▶ [About this task] Below are entries; copy exactly the lines from the one with "I компонентом 10 786" through the one with "Mattel Barbie Игровой", both included, and leave out the rest.

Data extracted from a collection
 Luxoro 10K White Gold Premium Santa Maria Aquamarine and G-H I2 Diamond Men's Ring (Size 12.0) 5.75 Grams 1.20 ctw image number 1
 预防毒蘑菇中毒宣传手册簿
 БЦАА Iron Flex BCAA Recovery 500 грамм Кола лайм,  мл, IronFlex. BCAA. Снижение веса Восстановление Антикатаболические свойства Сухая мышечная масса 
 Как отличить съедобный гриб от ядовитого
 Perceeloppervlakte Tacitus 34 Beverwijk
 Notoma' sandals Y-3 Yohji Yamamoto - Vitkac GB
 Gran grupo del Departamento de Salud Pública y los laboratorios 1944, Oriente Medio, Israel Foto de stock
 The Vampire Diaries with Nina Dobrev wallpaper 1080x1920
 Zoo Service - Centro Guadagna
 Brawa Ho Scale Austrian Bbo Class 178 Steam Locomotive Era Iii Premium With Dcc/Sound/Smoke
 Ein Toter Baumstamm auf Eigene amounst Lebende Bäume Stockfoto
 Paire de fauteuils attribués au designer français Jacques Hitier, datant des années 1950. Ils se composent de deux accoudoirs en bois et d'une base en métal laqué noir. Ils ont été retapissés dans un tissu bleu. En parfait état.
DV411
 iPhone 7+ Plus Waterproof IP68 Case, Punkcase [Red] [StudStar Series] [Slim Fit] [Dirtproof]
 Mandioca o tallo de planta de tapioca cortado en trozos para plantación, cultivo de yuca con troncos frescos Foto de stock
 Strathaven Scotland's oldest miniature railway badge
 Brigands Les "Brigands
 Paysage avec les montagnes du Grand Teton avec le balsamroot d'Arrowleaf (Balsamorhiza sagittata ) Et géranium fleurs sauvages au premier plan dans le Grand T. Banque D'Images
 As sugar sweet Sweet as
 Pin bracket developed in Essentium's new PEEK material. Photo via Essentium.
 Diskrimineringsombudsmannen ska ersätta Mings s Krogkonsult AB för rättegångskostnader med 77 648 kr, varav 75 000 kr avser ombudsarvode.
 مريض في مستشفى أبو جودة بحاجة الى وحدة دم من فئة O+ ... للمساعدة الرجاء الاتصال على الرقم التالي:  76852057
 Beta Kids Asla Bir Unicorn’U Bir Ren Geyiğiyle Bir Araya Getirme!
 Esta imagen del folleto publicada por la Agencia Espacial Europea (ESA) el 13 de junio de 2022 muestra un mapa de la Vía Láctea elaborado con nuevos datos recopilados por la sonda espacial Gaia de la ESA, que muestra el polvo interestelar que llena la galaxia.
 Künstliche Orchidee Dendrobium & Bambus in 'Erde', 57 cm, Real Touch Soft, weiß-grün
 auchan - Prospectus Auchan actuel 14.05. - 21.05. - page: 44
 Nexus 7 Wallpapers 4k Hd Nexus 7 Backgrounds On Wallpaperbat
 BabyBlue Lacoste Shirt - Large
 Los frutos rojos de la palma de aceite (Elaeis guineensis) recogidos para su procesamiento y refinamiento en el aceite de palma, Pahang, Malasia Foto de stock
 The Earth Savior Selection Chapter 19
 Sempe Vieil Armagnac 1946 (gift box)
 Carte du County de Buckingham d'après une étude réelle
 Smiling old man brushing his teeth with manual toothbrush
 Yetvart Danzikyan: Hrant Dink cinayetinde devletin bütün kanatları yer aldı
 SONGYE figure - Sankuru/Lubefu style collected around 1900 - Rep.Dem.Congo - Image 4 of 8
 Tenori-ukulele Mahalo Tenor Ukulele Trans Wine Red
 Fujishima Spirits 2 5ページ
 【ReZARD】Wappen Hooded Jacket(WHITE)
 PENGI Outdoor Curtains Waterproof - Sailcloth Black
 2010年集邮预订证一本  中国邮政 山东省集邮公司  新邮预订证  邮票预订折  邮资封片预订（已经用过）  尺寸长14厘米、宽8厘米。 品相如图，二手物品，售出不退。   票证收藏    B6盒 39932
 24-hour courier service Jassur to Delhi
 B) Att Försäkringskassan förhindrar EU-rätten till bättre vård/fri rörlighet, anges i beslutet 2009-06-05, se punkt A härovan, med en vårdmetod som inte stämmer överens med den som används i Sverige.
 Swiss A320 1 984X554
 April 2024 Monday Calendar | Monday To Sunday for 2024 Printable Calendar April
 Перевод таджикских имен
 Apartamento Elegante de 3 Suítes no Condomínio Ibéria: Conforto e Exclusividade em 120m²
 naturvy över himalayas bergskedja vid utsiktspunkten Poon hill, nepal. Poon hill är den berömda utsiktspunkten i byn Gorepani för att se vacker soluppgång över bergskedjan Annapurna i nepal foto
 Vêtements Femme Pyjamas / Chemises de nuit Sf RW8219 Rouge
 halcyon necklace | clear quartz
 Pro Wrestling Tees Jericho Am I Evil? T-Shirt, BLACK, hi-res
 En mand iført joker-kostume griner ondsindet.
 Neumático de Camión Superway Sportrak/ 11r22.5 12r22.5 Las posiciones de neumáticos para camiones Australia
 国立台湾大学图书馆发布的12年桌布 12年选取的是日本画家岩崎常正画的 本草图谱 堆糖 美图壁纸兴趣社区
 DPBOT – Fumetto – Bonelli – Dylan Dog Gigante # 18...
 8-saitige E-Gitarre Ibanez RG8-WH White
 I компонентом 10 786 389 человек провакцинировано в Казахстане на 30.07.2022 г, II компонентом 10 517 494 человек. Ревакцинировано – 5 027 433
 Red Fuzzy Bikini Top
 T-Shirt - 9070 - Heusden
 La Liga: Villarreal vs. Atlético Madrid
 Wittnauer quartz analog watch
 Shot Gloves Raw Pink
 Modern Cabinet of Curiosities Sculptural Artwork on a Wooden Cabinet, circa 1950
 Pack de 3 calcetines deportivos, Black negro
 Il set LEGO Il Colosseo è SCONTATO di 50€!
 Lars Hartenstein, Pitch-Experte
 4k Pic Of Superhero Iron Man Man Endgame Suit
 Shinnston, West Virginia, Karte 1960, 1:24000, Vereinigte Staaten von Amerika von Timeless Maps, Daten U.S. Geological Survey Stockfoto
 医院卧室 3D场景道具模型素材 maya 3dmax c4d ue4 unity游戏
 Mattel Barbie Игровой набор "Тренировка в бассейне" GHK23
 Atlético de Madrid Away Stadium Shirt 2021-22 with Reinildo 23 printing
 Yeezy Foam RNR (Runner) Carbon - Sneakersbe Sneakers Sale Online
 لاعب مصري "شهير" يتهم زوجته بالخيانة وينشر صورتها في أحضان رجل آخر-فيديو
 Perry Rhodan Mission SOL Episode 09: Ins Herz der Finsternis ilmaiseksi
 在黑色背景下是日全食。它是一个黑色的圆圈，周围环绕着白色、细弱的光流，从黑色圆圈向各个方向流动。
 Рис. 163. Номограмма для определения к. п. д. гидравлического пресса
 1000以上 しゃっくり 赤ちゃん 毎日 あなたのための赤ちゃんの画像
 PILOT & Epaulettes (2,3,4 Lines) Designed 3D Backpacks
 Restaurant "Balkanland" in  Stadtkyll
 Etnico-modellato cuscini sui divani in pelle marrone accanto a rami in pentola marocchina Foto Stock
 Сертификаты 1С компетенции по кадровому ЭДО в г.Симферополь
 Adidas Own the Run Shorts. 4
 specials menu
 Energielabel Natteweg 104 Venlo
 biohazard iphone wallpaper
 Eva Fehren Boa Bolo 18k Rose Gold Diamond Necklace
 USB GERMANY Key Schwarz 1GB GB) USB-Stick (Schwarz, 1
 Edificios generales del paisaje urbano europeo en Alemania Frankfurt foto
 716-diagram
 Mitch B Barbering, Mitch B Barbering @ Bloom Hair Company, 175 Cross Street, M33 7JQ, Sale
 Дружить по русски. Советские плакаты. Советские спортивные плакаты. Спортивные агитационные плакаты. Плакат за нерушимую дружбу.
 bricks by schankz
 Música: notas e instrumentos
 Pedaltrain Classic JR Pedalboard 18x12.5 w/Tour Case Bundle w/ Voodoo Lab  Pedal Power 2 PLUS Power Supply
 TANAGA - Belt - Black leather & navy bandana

▶ [Solved exercise]
 I компонентом 10 786 389 человек провакцинировано в Казахстане на 30.07.2022 г, II компонентом 10 517 494 человек. Ревакцинировано – 5 027 433
 Red Fuzzy Bikini Top
 T-Shirt - 9070 - Heusden
 La Liga: Villarreal vs. Atlético Madrid
 Wittnauer quartz analog watch
 Shot Gloves Raw Pink
 Modern Cabinet of Curiosities Sculptural Artwork on a Wooden Cabinet, circa 1950
 Pack de 3 calcetines deportivos, Black negro
 Il set LEGO Il Colosseo è SCONTATO di 50€!
 Lars Hartenstein, Pitch-Experte
 4k Pic Of Superhero Iron Man Man Endgame Suit
 Shinnston, West Virginia, Karte 1960, 1:24000, Vereinigte Staaten von Amerika von Timeless Maps, Daten U.S. Geological Survey Stockfoto
 医院卧室 3D场景道具模型素材 maya 3dmax c4d ue4 unity游戏
 Mattel Barbie Игровой набор "Тренировка в бассейне" GHK23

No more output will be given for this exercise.